A major manifestation of Iran’s growing suspicion of being dragged into a direct military confrontation can be observed in the circumstances that followed the drone attack undertaken by the Iraqi militias on the US logistics backing base in northeastern Jordan on January 28. A few hours after the episode, which resulted in the demises of three US soldiers, Esmail Qaani, the commander of the Islamic Revolutionary Guard Corps Quds Force, reached Baghdad and urged the leaders of the Iraqi militias to discontinue their attacks against US forces in Syria and Iraq. 

According to one report, Qaani highlighted that the militias must preserve a low profile to contain US retaliatory strikes, including against Iran. He commented that the militias had crossed a red line and that Iran could not afford military activities that might provoke the United States or Israel into initiating a war. Indeed, shortly after he reached Baghdad, the secretary general of the Iraqi Hezbollah Brigades militia declared the suspension of military activities against US forces in the region.

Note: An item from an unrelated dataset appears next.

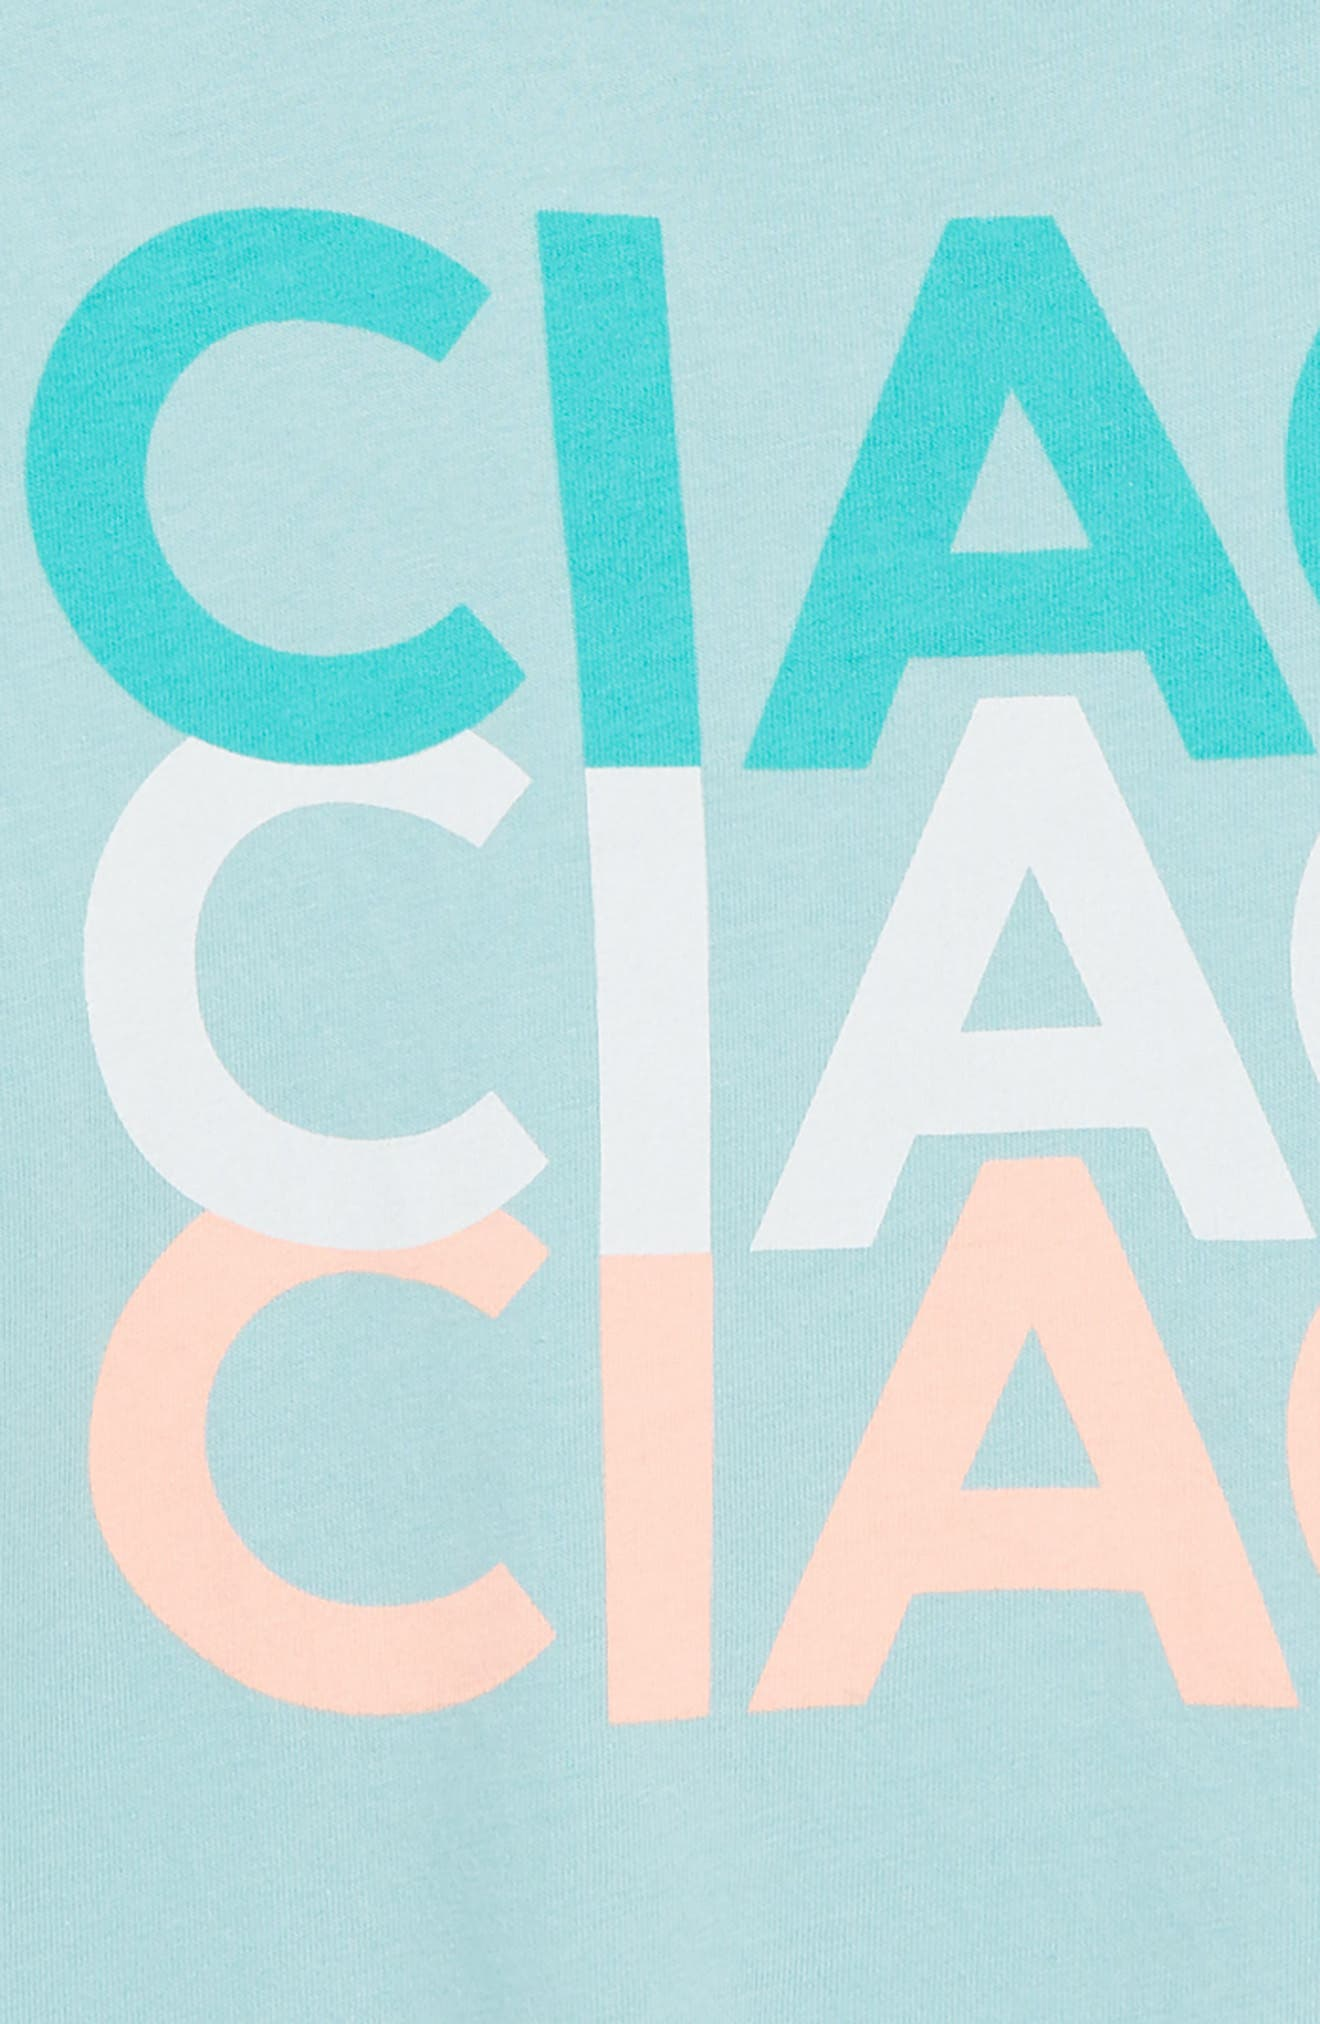 PEEK AREN'T YOU CURIOUS,                             Peek Ciao! T-Shirt,                             Alternate thumbnail 2, color,                             452

Qaani’s triumph in de-escalating tensions in the Iraqi arena may support the assessment that Iran retains the capacity to significantly influence its members and proxies throughout the Middle East. However, Tehran’s ability to guarantee complete control over the elements of the Resistance Axis should not be overrated. The axis does not work as a hierarchy with direct Iranian power and control but as a loose network of connected components driven by common welfare and a shared ideological vision. 

Furthermore, in recent years—mainly since the killing of IRGC Quds Force Commander Qasem Soleimani in 2020—Iran has organised its proxies in a more decentralized way than before. While it persists to have substantial influence within the network, it does not necessarily want complete control over each element. The conversion of the axis into a decentralized network has delivered Iran with greater flexibility, the capacity to deny involvement, and the option to alienate itself from provocative actions by its associates. However, it also carries risks because the weakening of Iranian control could lead to awkward actions by its partners that threaten Iranian interests.